Parallels between African and Latin American pneumatologies derive at least in part from the slave trade. African spirituality arrived in the New World through forced migration, and slave religion merged with indigenous traditions over the next few centuries. Against the backdrop of Roman Catholic saints, a range of ancestor spirits appeared, some more distant from but others more accessible to and engaged with the living.[29] But if African pneumatology has remained this-worldly in the material and existential sense, Latin American thinking about the Spirit has been this-worldly in the sociopolitical sense, especially in the hands of liberation theologians. The latter’s spirituality of the poor is, of course, also concerned with the materiality of salvation, but its liberative praxis seeks to change the world and its social, political, and economic structures in cooperation with the divine Spirit, “the start of creation’s road back to the Father.”[30]
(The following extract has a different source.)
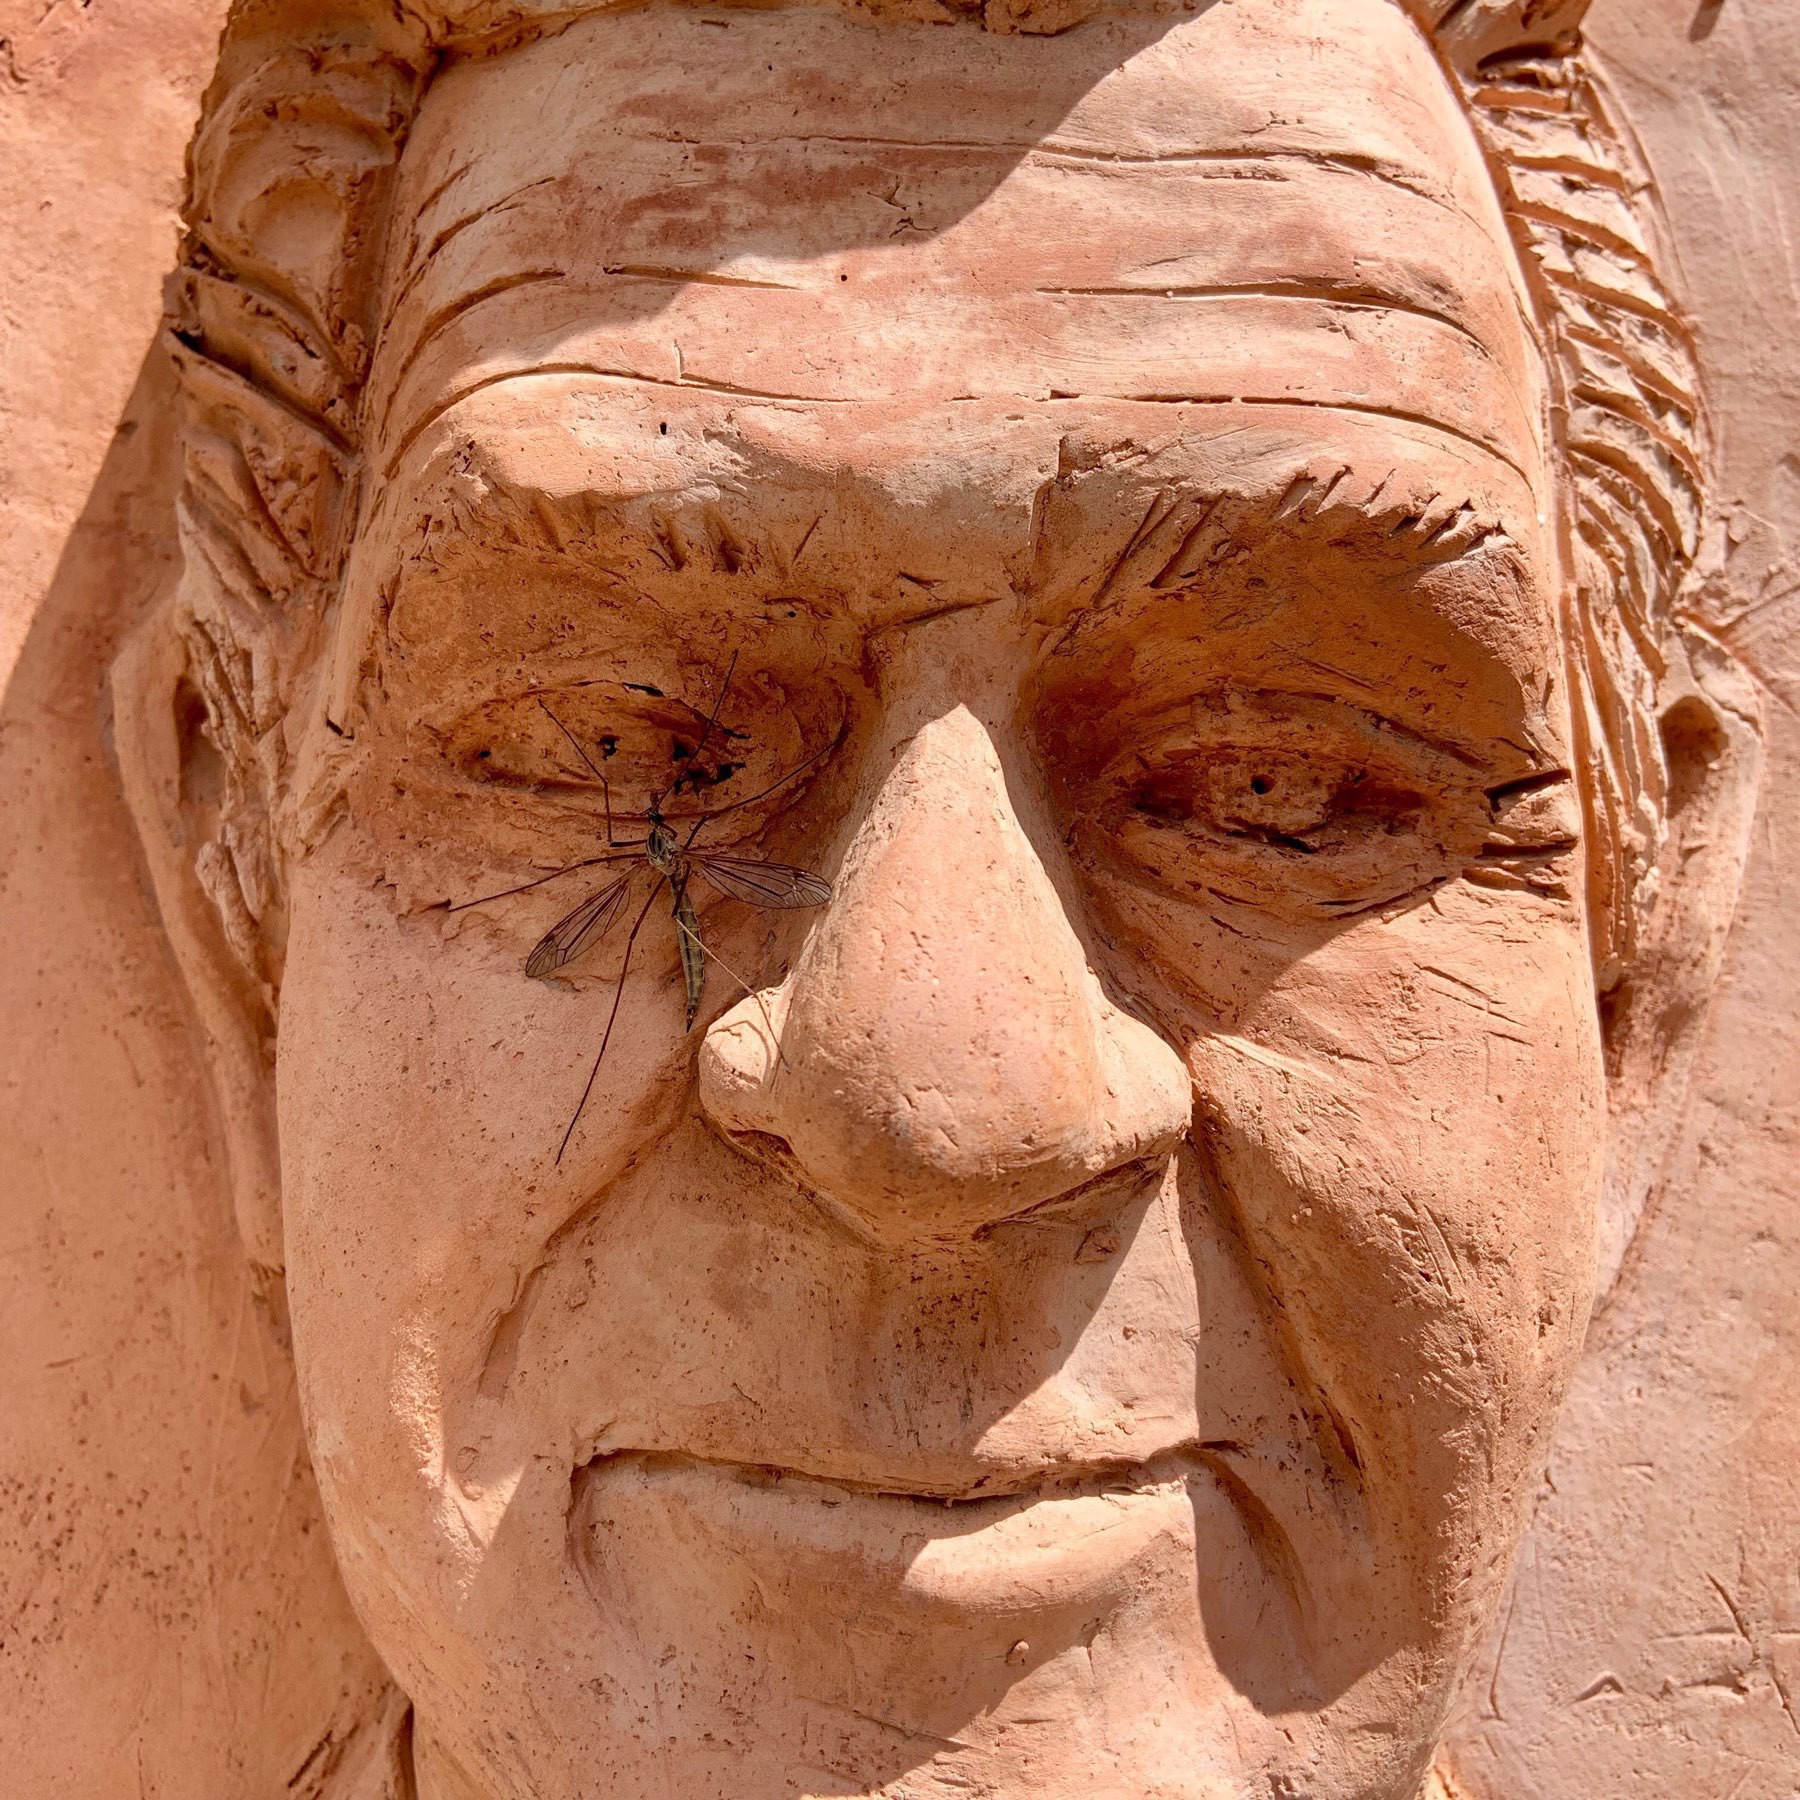 Crane fly on a sculpture of an older man's face
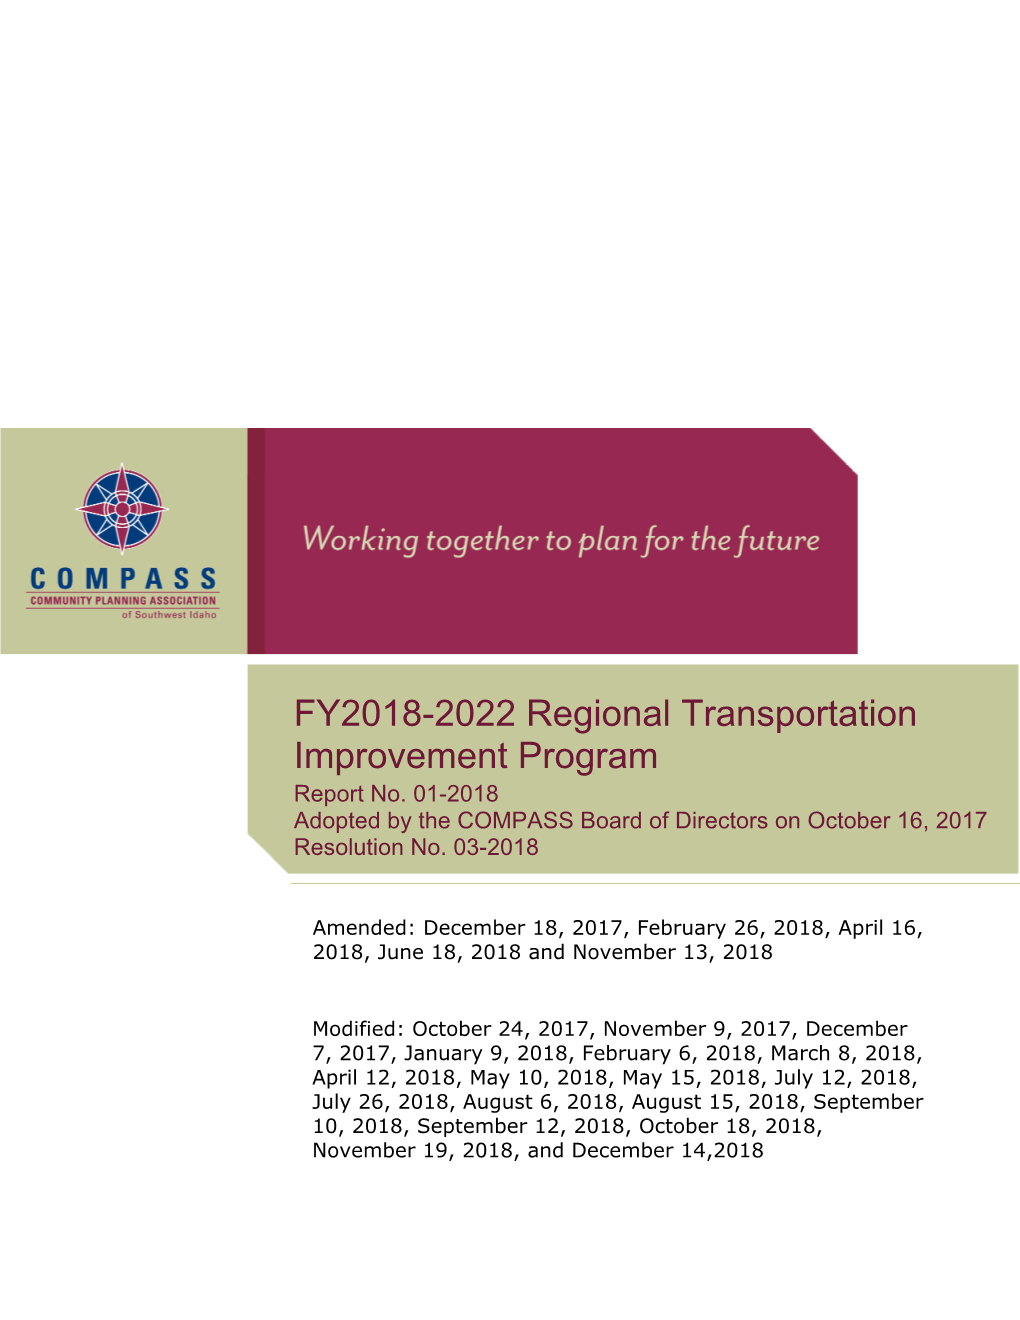 FY2018-2022 Regional Transportation Improvement Program

Pneumatology across the Global Renewal Movement
We must also briefly survey pneumatological thinking inspired by the emergence of the global pentecostal and charismatic renewal movement in the twentieth century. If the classical pentecostal theology insisted on a sharp dualism between the good Holy Spirit and demonic local or indigenous spiritual entities,[31] contemporary pentecostal and charismatic thought is more nuanced. Led by the recognized dean of pentecostal studies Walter J. Hollenweger,[32] there is much greater awareness that the effectiveness of Pentecostalism as a religion of the Majority World derives at least in part from a spirituality that is contextualizable among indigenous cultures, cosmologies, and worldviews.[33] If there is a distinct gulf between the Holy Spirit and other spirits in pentecostal theology, the lines are much more blurred in practice, as the “principalities and powers” are never unambiguously good or bad so that healings, miracles, signs and wonders, glossolalia, or manifestations of other so-called spiritual gifts have to be discerned on a case-by-case basis.[34]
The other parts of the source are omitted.